Supplied information: Begin

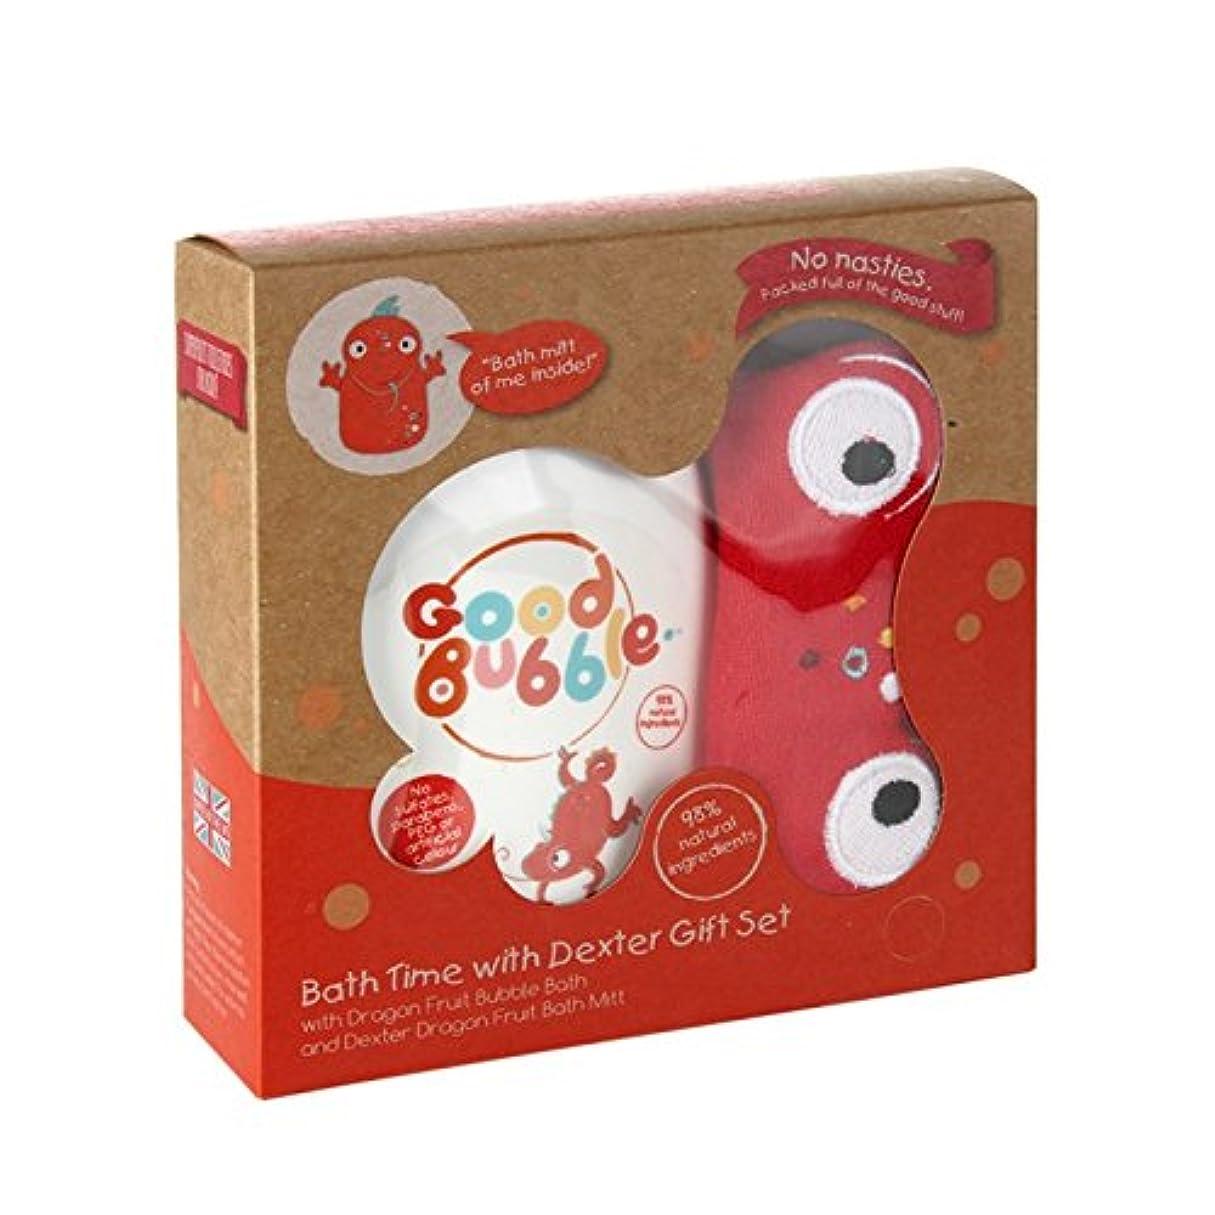 ライド火薬火曜日Good Bubble Dexter Dragonfruit Gift Set 550g (Pack of 6) - 良いバブルデクスターDragonfruitギフトセット550グラム (x6) [並行輸入品]
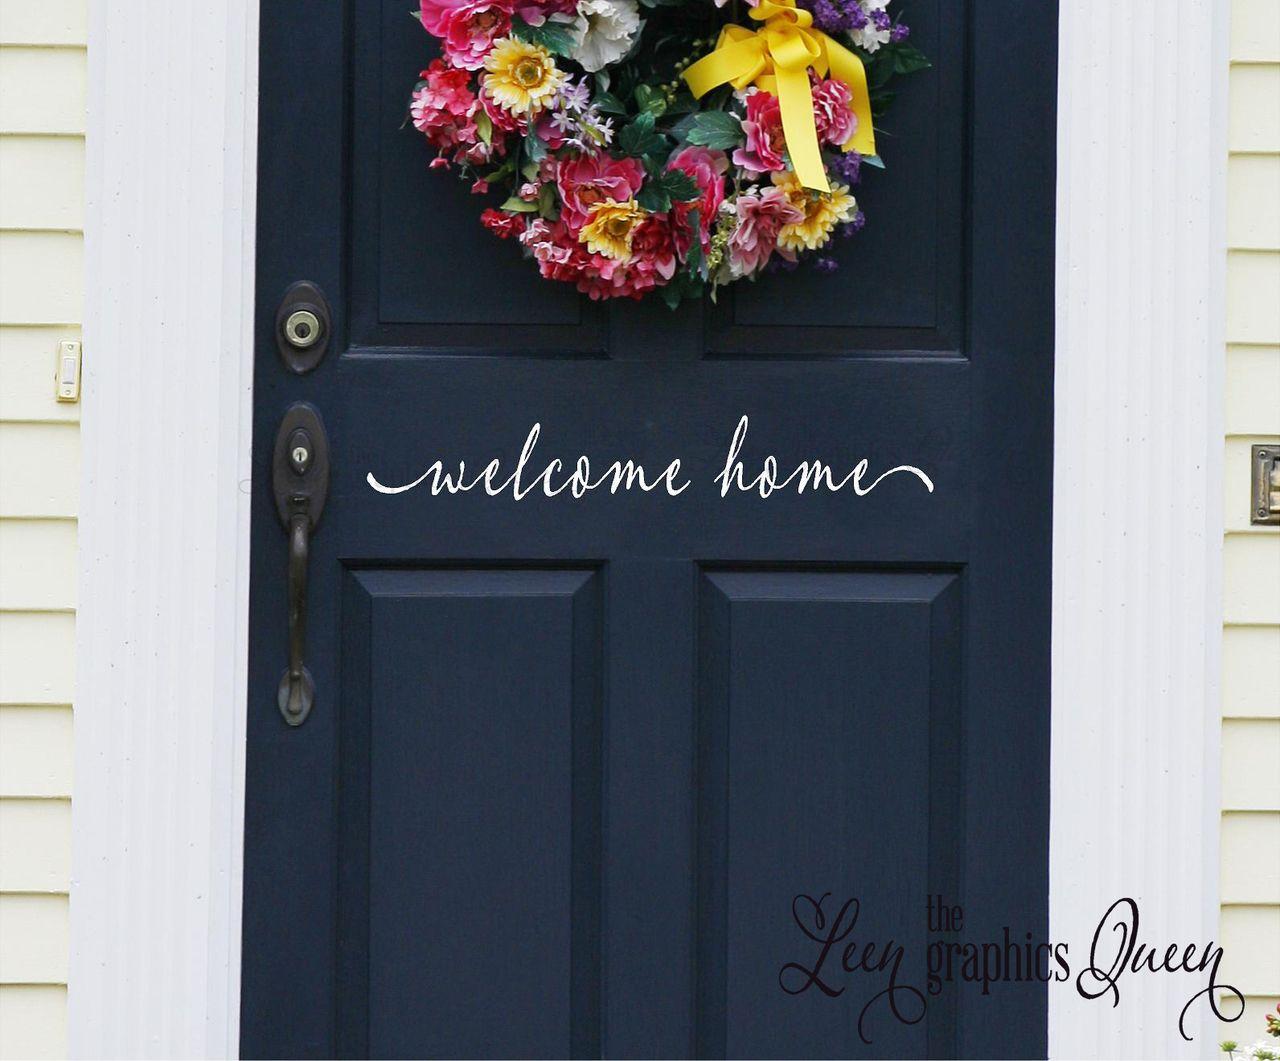 Leen the Graphics Queen - Welcome Home Front Door Vinyl Wall Decal $10.00 (  sc 1 st  Pinterest & Welcome Home Front Door Vinyl Wall Decal | Front doors Wall decals ...
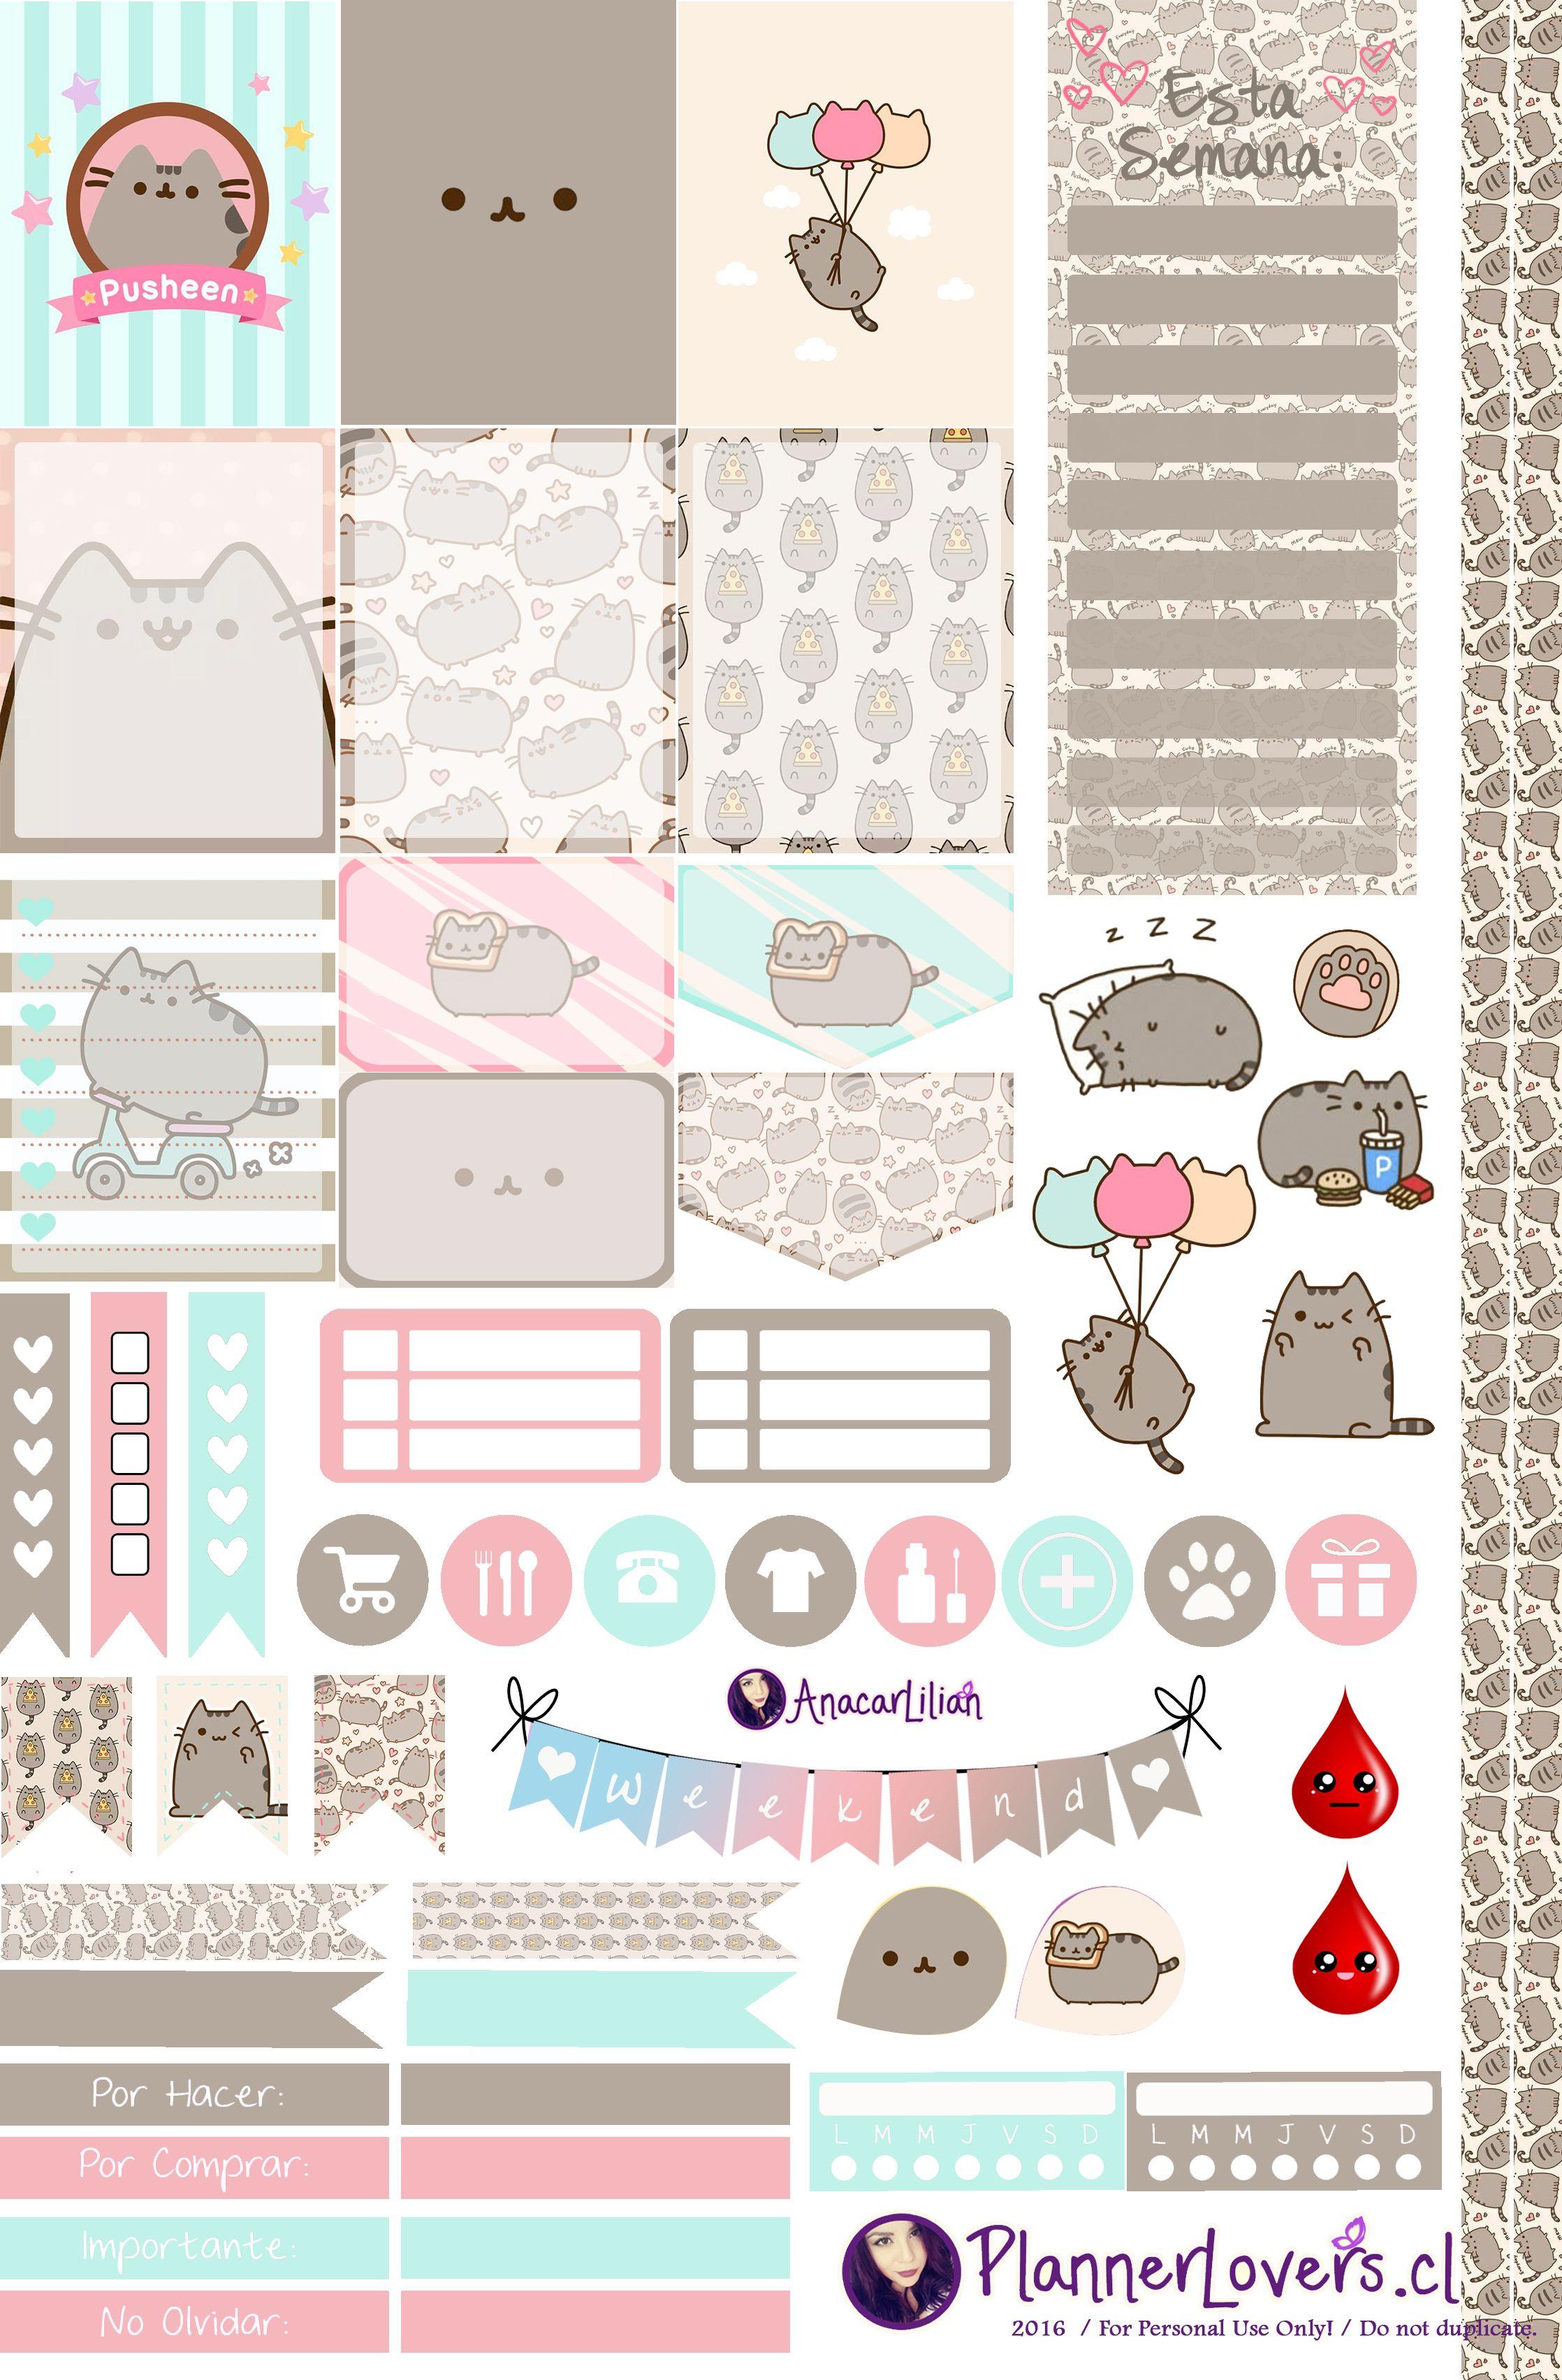 Pin de Claudia en Planner | Pinterest | Imprimibles, Pegatinas y ...

Supplied information: End

§ Requirement
Transcribe all the lines above exactly; any image among them is skipped.

§ Solution to this problem
 ライド火薬火曜日Good Bubble Dexter Dragonfruit Gift Set 550g (Pack of 6) - 良いバブルデクスターDragonfruitギフトセット550グラム (x6) [並行輸入品]
 Leen the Graphics Queen - Welcome Home Front Door Vinyl Wall Decal $10.00 (  sc 1 st  Pinterest & Welcome Home Front Door Vinyl Wall Decal | Front doors Wall decals ...
 Pin de Claudia en Planner | Pinterest | Imprimibles, Pegatinas y ...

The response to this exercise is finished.